## Available data
━━━━━━━━━━━━━━━━━━━━

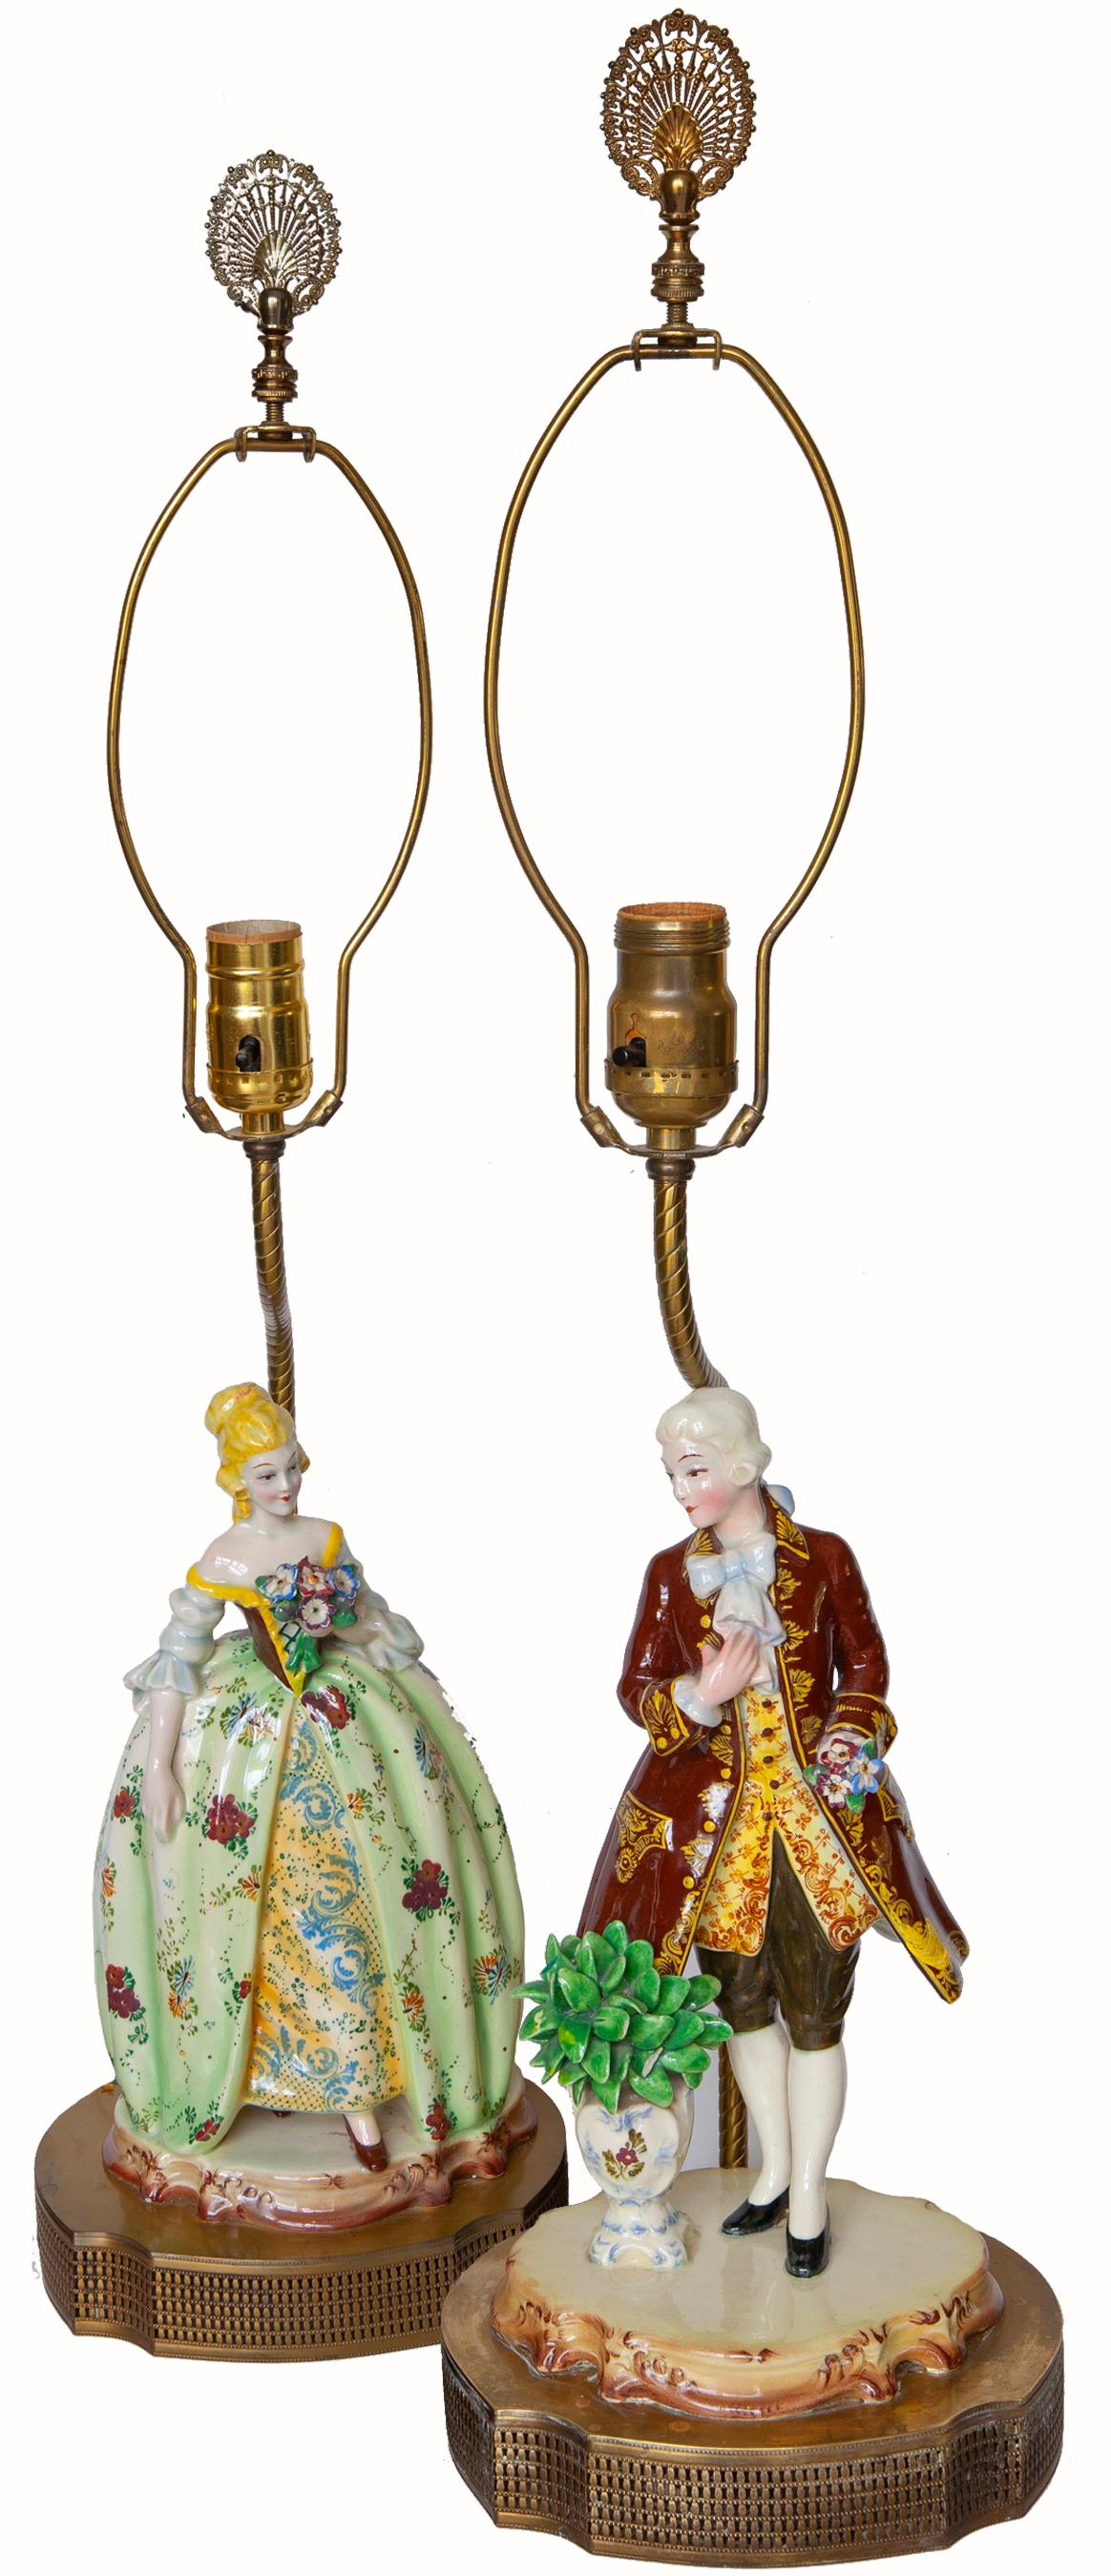 Die Porzellanfiguren der Romantischen Bewegung sind in klassischer deutscher Kleidung des späten Rokoko gehalten. Diese Figuren wurden um 1920-1930 auf durchbrochene Sockel mit Lampenbeschlägen montiert. Original-Finials und goldene
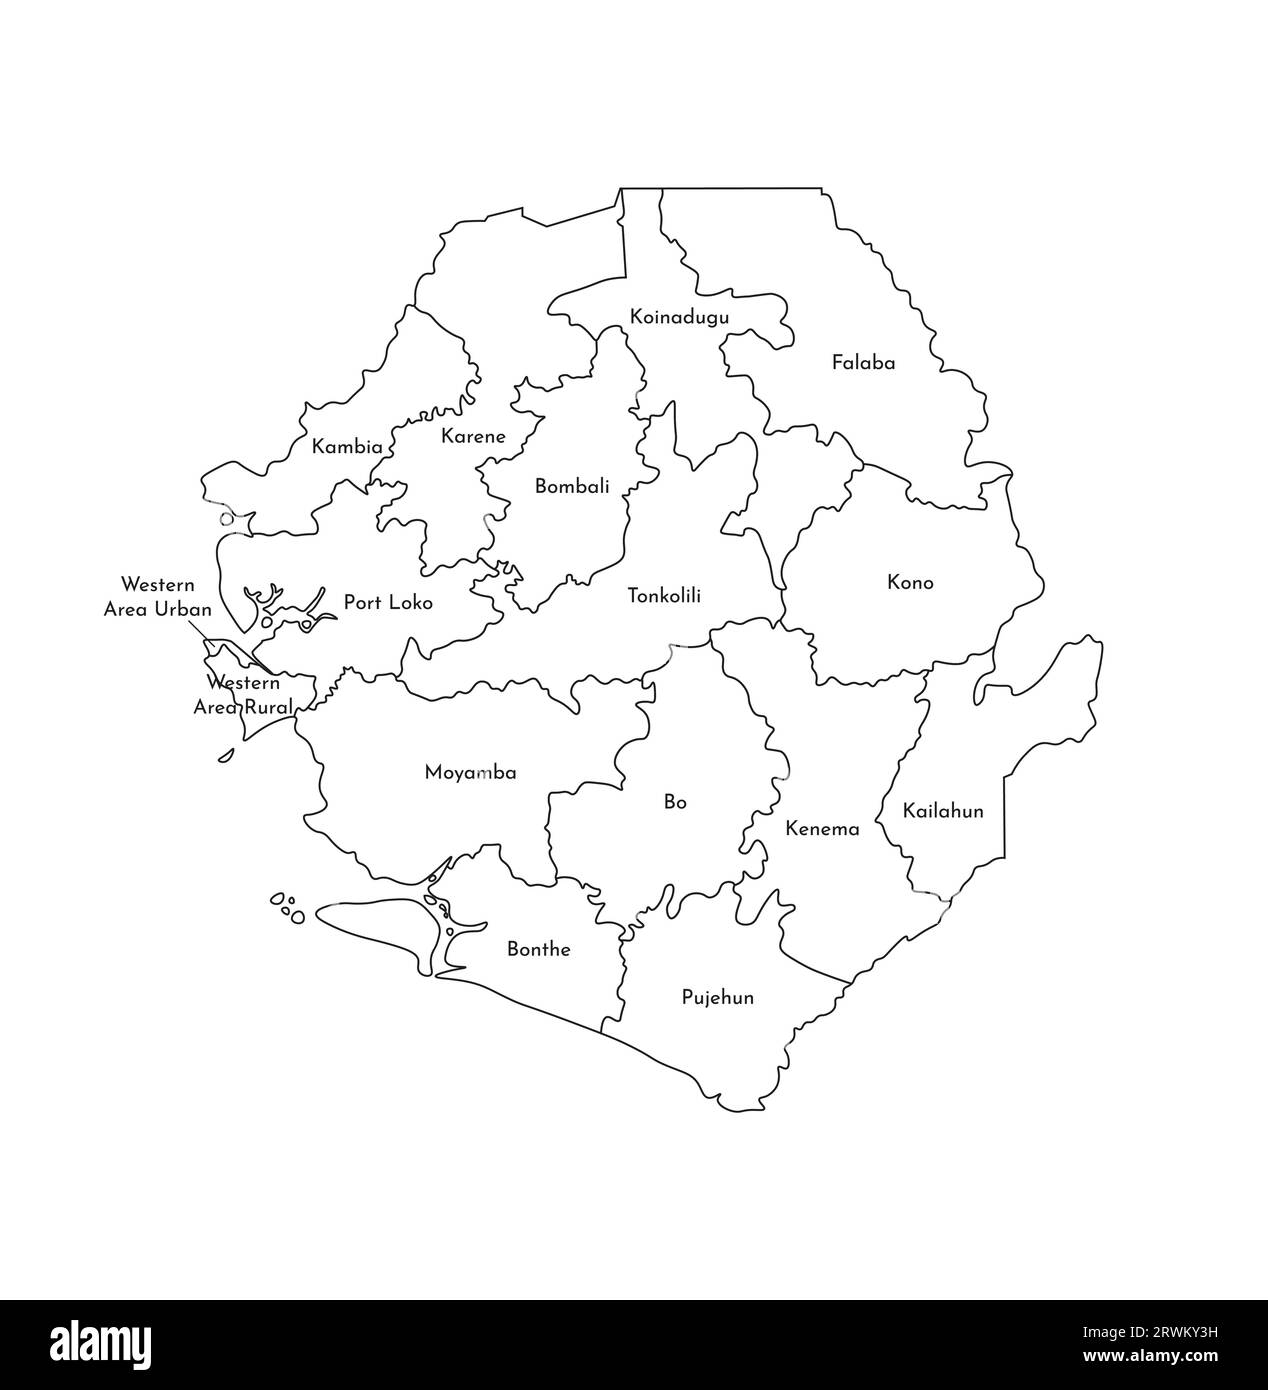 Vektorisolierte Darstellung der vereinfachten Verwaltungskarte Sierra Leones. Grenzen und Namen der Bezirke (Regionen). Silhouetten mit schwarzen Linien. Stock Vektor
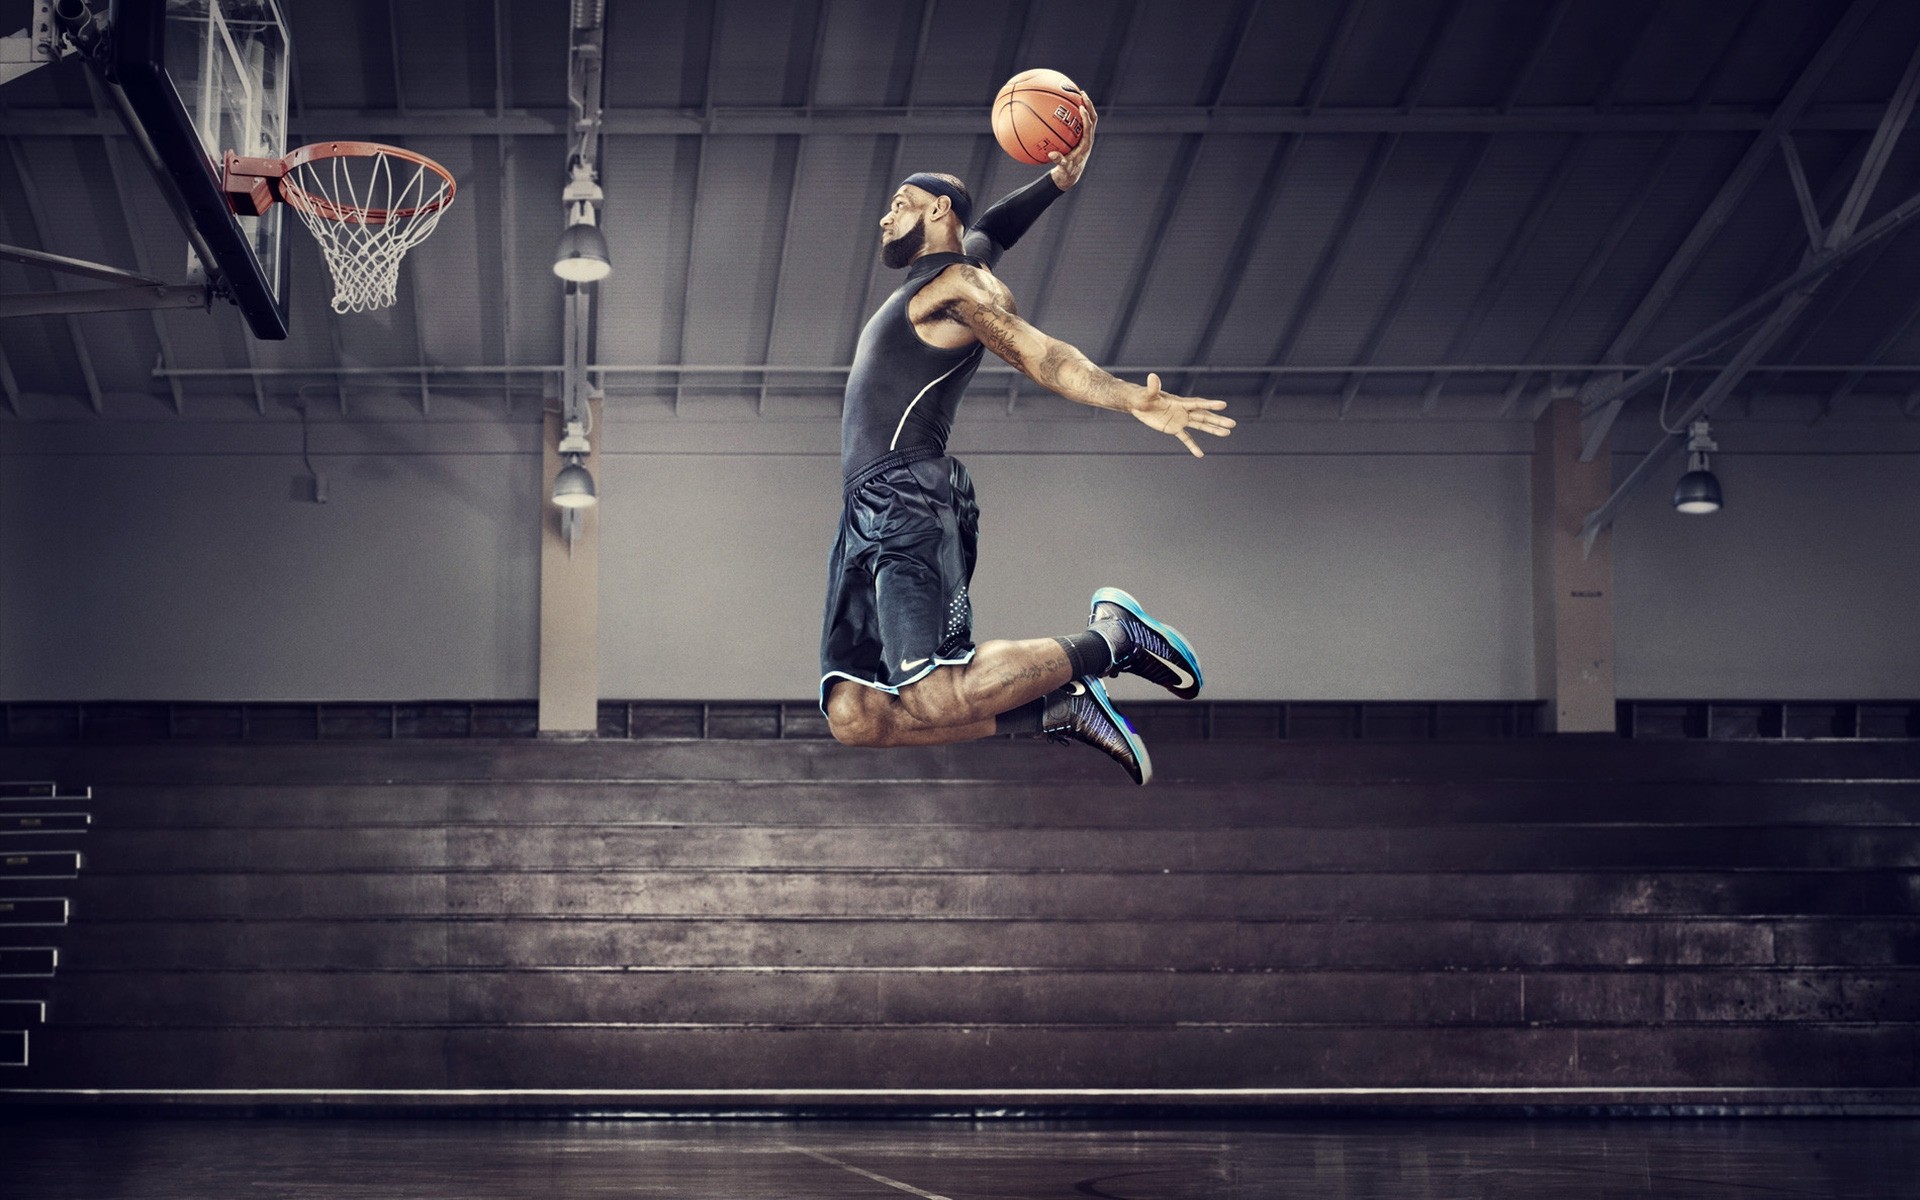 баскетбол движения конкурс прыгать спортсмен в помещении действие один аджилити мяч человек умение энергии упражнения взрослый игры баланс балет

━━━━━━━━━━━━━━━━━━━━

## The task
Write the material out again exactly. Do not include the pictures.

## Output of the exercise
 Die Porzellanfiguren der Romantischen Bewegung sind in klassischer deutscher Kleidung des späten Rokoko gehalten. Diese Figuren wurden um 1920-1930 auf durchbrochene Sockel mit Lampenbeschlägen montiert. Original-Finials und goldene
 Vektorisolierte Darstellung der vereinfachten Verwaltungskarte Sierra Leones. Grenzen und Namen der Bezirke (Regionen). Silhouetten mit schwarzen Linien. Stock Vektor
 баскетбол движения конкурс прыгать спортсмен в помещении действие один аджилити мяч человек умение энергии упражнения взрослый игры баланс балет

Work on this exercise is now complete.